From Cradle to Cellhouse

I find social science research so rewarding that I am seemingly always in data gathering mode.  This gratifying activity, as with most pleasurable things, has a downside;  in this case, there are times that I feel like a creep and a fraud.  One may query, what can be creepy or fraudulent about info collecting?  The short answer is that whether it is an inmate or a guard that I am speaking with, I can never let the examinee know what my position is, lest it color their position.  Consequently, what seems like a casual conversation to them is really a snoop session.

Yet, karma does well at balancing things out.  This is rural Iowa and oft time, because of my snooping, I am forced to listen to diatribes trumpeting the intellect and perspicacity of Glen Beck over that of President Obama’s, and I have to keep a straight face.  How does one juxtapose a blowhard who barely finished high school and a University of Chicago Constitutional law professor?  As usual, I have divagated.

There are two punishments in our society that much of my post-secondary writings prove me a passionate antagonist of:  capital punishment and corporal punishment.  The creepy  and fraudulent thing that I did yesterday regarding one of these punishments was to—in the words of my southern relatives—throw a rock and hide my hand.  I started a conversation with other inmates about the Adrian Peterson child abuse case, and once it was started, I blended into the scenery to observe and take notes.
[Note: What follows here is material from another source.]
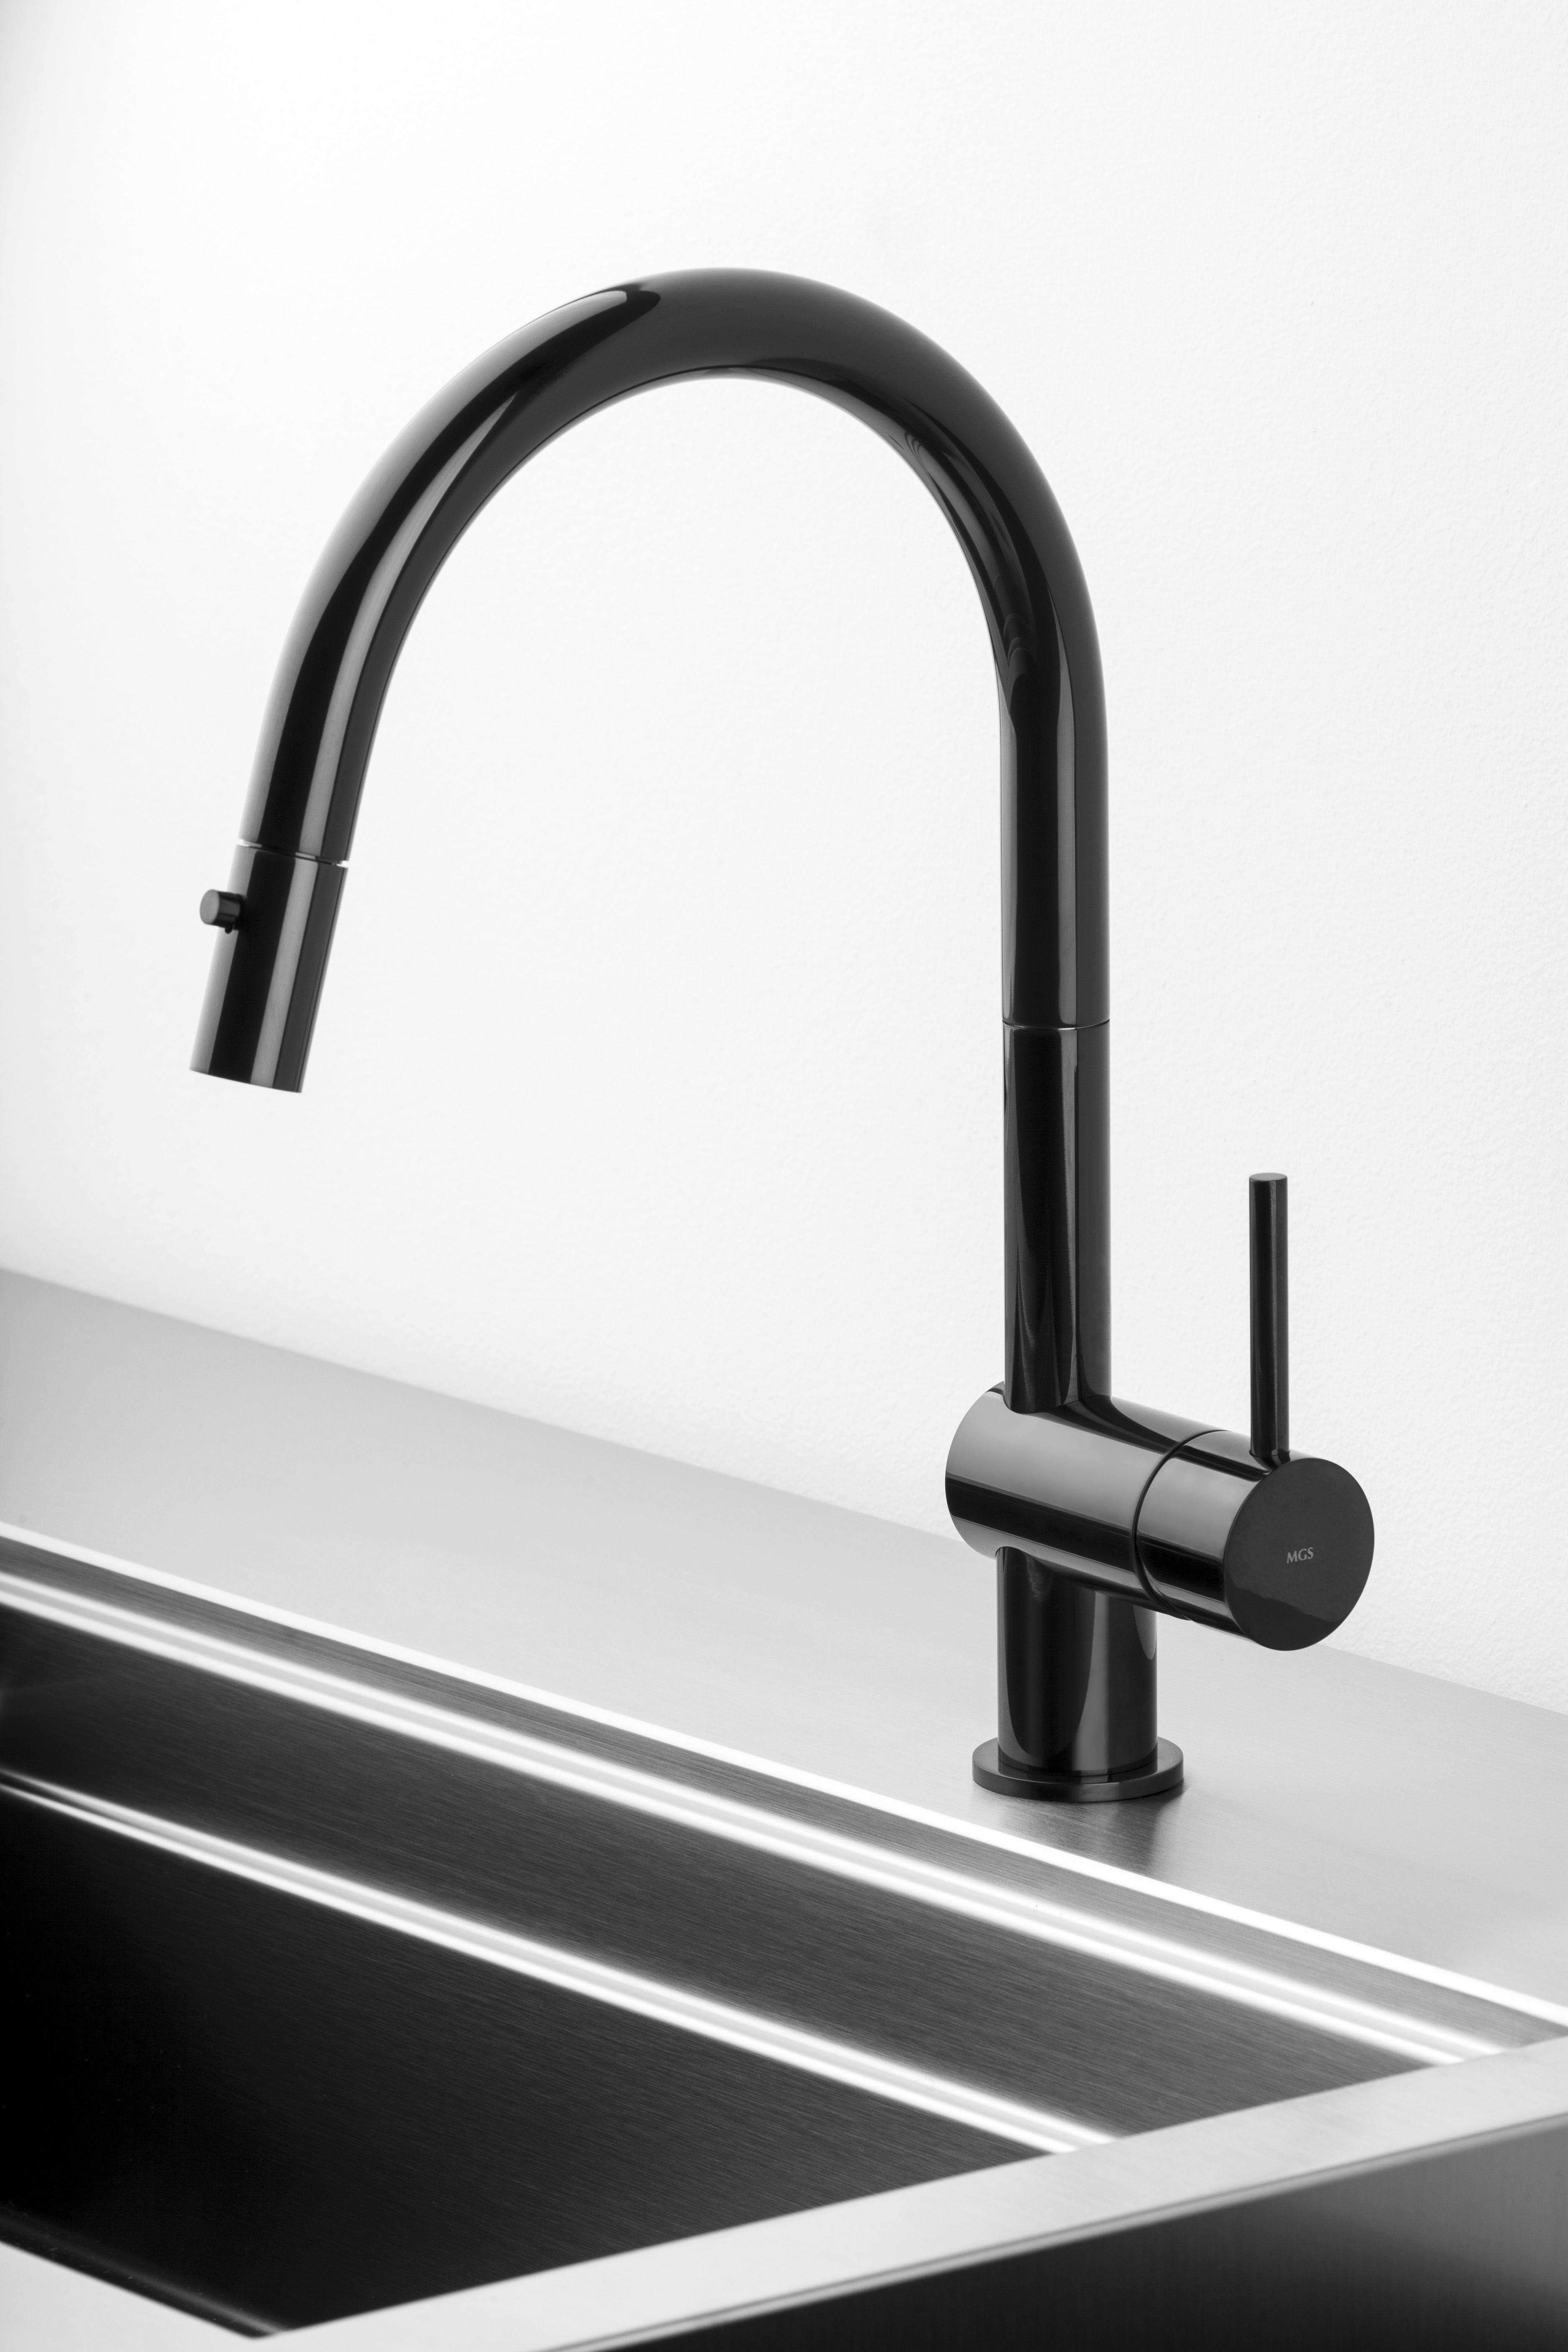 Vela D In Black Onyx Modern Kitchen Faucet Kitchen Faucet Stainless Kitchen Faucet

This prison has a softball field and a set of bleachers, the bleachers are divided in half with a walkway splitting them; my observations took place on the south end section of the bleachers.  Doing field research on the south end of the bleachers is not inconsequential.  The north end of the bleacher area is unofficially reserved for skinheads, Aryans, a group who calls themselves “the Peckerwoods,” and generally anyone else who considers himself a winner on the sole basis of possessing melanin deficient skin.  The south end is an eclectic mix of everyone: regular white cats, blacks, Hispanics, Native Americans, and Asians.

The seeming consensus among this heterogeneous sampling (I must be in my statistician frame of mind) was that Adrian Peterson was within his parental rights to “whip his son’s ass.”  Further, their parents had beaten their asses, and they in turn had beaten their children’s asses.  For about forty minutes, seventeen inmates—coming and going—took part in the conversation with the only variant being at what age do you cease to spare the rod, but all seventeen agreed that the rod must be levied.

Today I did some inconspicuous follow-up and learned that 10 of the 17 unwitting participants had been convicted of violent offenses.  Two more of the conversation’s participants had initially been charged with violent offenses; however, those charges had been dropped due to plea deals.  Yet another one of the guys told me that he was not comfortable revealing his reason for being here, which usually means that it is a sex offense.

The thesis topic for my master’s degree, and an article that I am preparing to submit for peer-review and possible publication entitled “Hey honey, let’s have a …convict,” examines how corporal punishment and other socialization factors are linked to violent crimes and drug use.  After writing my hypothesis for these endeavors, I took a preliminary look at my data and discovered that 60% of the persons who committed violent crimes had either one or both parents who used corporal punishment.  This suggests that there is a correlation between violent crimes and corporal punishment, but in the language of the statisticians, correlation is not necessarily causal.

Accordingly, as a scientist, I will wait until I finish the analysis of the data to offer a scientific opinion.  However, I will offer up that these preliminary findings are disturbing. It is also interesting that even with such a small sample size—seventeen—the group in the bleachers was still in lockstep with my earlier findings as nearly 60% of them (.588 to be precise) had been convicted of violent offenses and were corporally punished as children.

During one of the follow-up conversations, I spoke with a 51 year old, white inmate who is originally from rural central Missouri, but does not fit in on the north end of the bleachers.  My initial thought was to paraphrase what he offered, but I have subsequently decided to quote him.  He said, “Big Pip [addressing me by one of my nicknames], most folks considered my daddy to be a pretty decent man, and so do I.  He whipped his kids and women, and if they deserve it, I don’t see nothing wrong with it.  And that’s why I think that they shouldnt’ve done that to Adrian Peterson.”  Again, here is an instance where I could not let my true feelings show, I was forced to just listen and learn.

Sociological and statistical training notwithstanding, the empirical evidence and knowledge that I have accrued from nearly 19 years of continuous incarceration has been my best teacher.  That teacher has taught me that not only is the criminal justice system broken, but so too are many of our socialization processes that we label culture.  We are teaching children, at the most impressionable age, that conflict and disobedience is solved by force, which leads to my next seemingly jejune and sophomoric statement: violence begets violence.  Honest assessment will lead some well-meaning parents to the conclusion that they share the blame and shame of their sons’ orange prison suit.